--- Data Enclosed Below ---

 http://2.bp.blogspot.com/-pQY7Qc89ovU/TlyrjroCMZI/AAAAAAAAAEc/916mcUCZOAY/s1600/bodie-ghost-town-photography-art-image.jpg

--- End of Enclosed Data ---
--- Data Enclosed Below ---

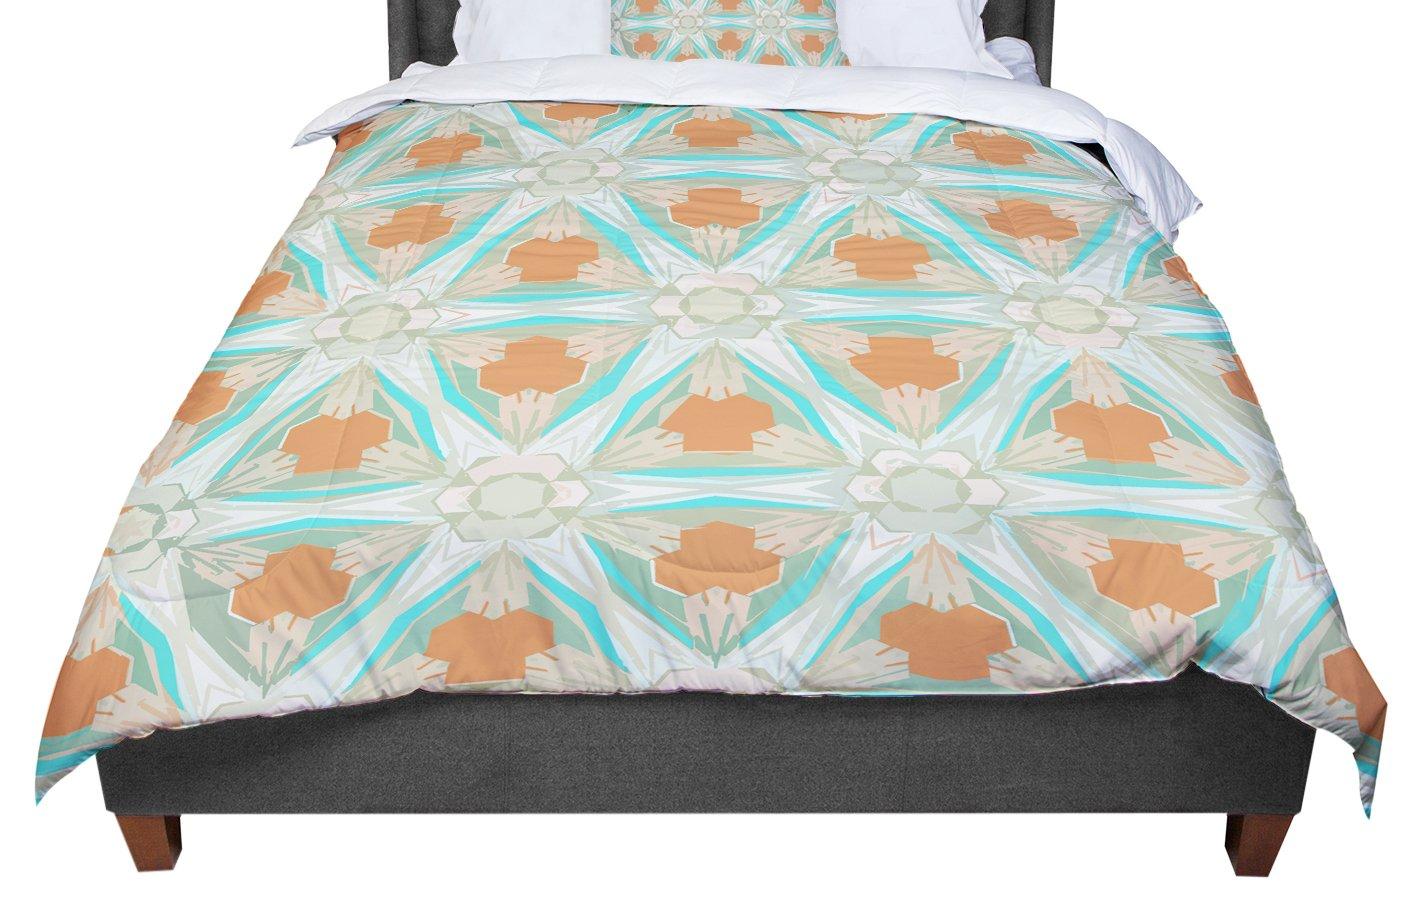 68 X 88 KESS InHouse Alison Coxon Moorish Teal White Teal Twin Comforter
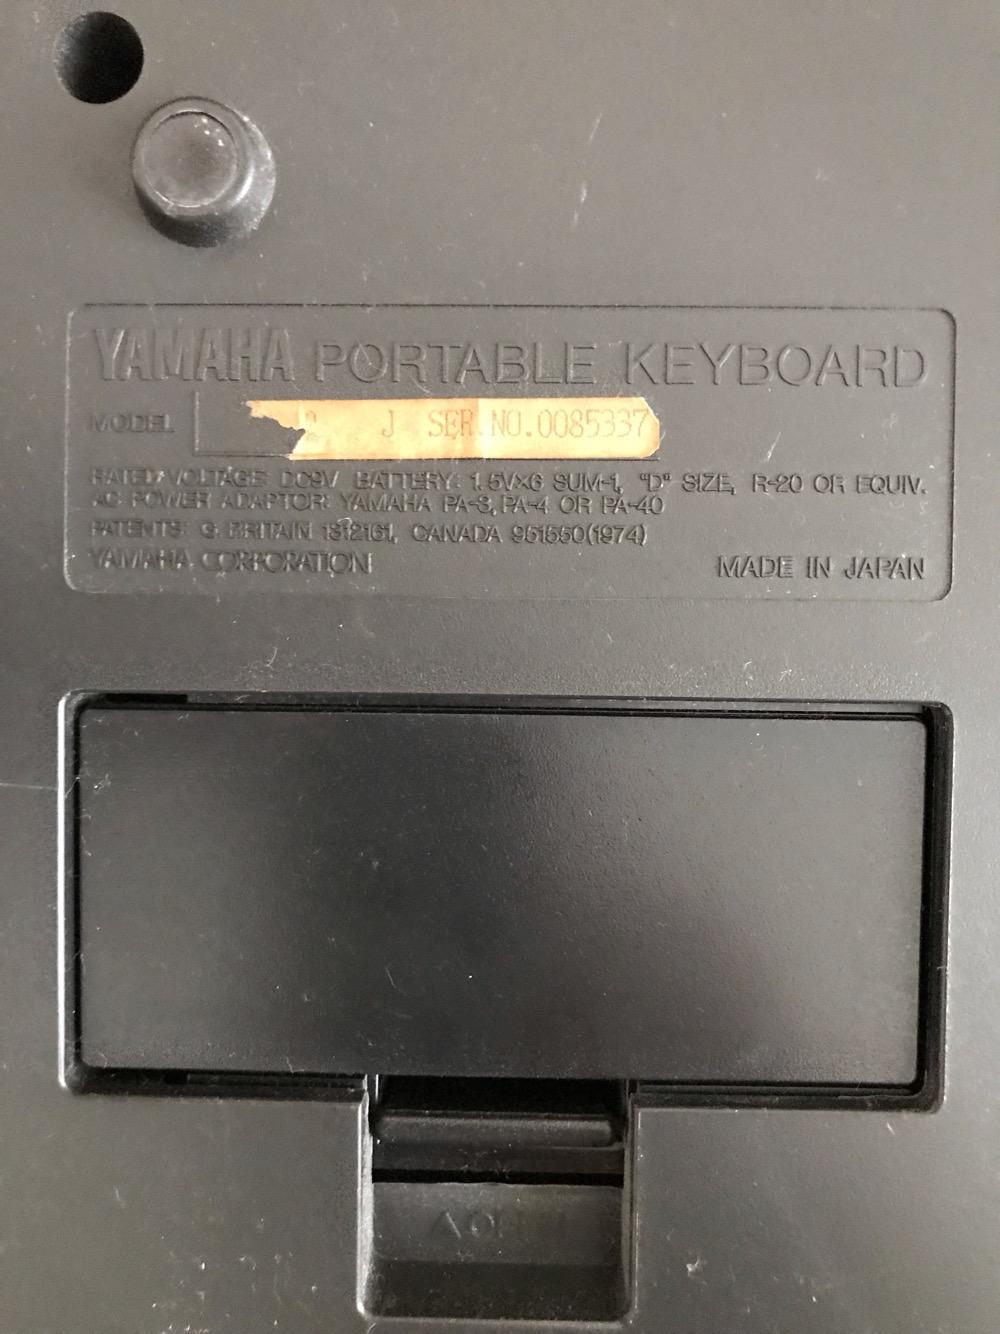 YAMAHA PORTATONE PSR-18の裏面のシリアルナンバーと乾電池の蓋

--- End of Enclosed Data ---

Exact copy, pictures excluded: from the line with "68 X 88 KESS" up to and including the line with "YAMAHA PORTATONE PSR-18の裏面のシリアルナンバーと乾電池の蓋" in the data above.

 68 X 88 KESS InHouse Alison Coxon Moorish Teal White Teal Twin Comforter
 YAMAHA PORTATONE PSR-18の裏面のシリアルナンバーと乾電池の蓋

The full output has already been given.